Postales urbanas

 

—BRUCE SWANSEY*

 


 

Teporocho

 

Expulsado de lo que habría considerado su hogar, el hombre procura combatir su remordimiento vagando en el laberinto de las calles donde se confundiría con la basura si no gesticulara salvajemente ante la indiferencia de los transeúntes. Habla consigo mismo porque ninguno lo escucha y nadie siente piedad por él. El autobús avanza dejándolo atrás, agitado por su dolor insobornable.

 

Ensoñación

 

Es un hombre maduro, correctamente vestido, una presa fácil.

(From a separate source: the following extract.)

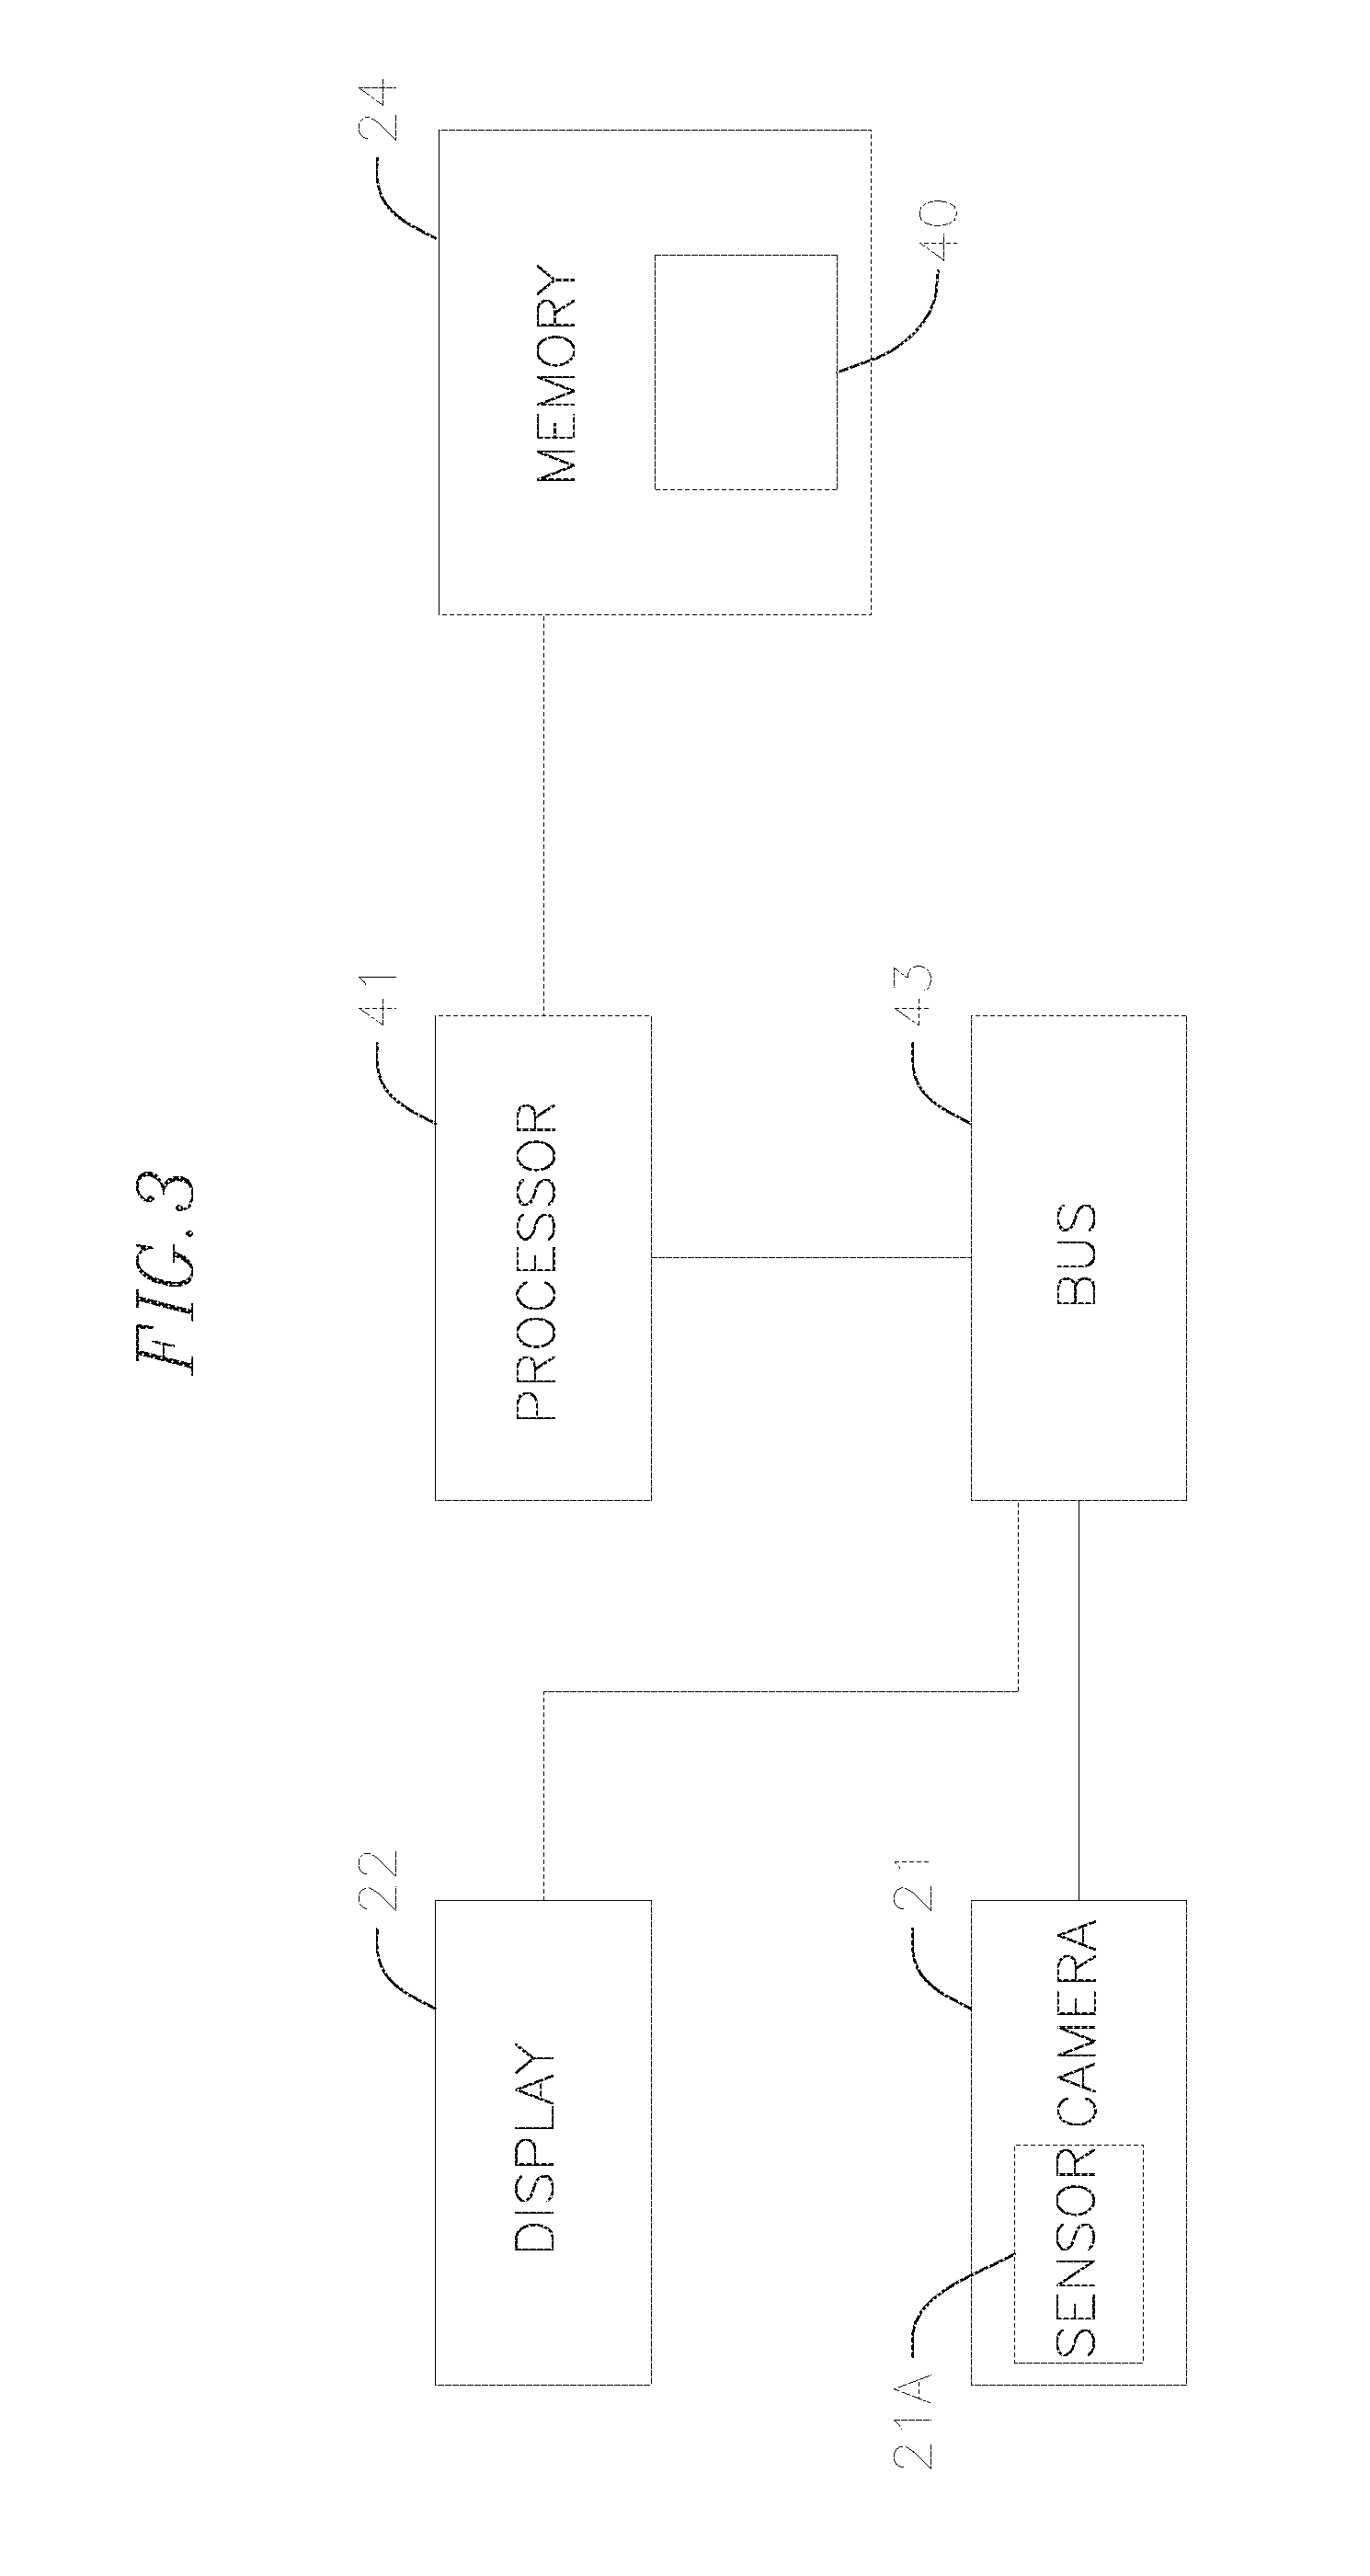 Camera system and method for aligning images and presenting a series of aligned images

Lo sigue. Imagina tirar el libro. Él lo recogerá y entablarán una conversación que se prolongará y luego se irán a la cama. Después de hacer el amor, cuando repose, saldrá sigilosamente al baño, donde guarda la navaja en el bolso, y lo degollará desnuda, para que la sangre no ensucie más que las sábanas.

—Doble expreso para llevar, por favor —pide el hombre, haciéndola soltar la navaja, que cae con tintineo metálico sobre las baldosas de su ensueño.

 

Ejercicio espiritual

 

La condición para acceder a la santidad no consiste en hacer milagros sino en formarse en una cola y conseguir un duplicado apostillado del acta de nacimiento. Eso garantiza la destrucción de la dignidad a la que se aferraba el contumaz.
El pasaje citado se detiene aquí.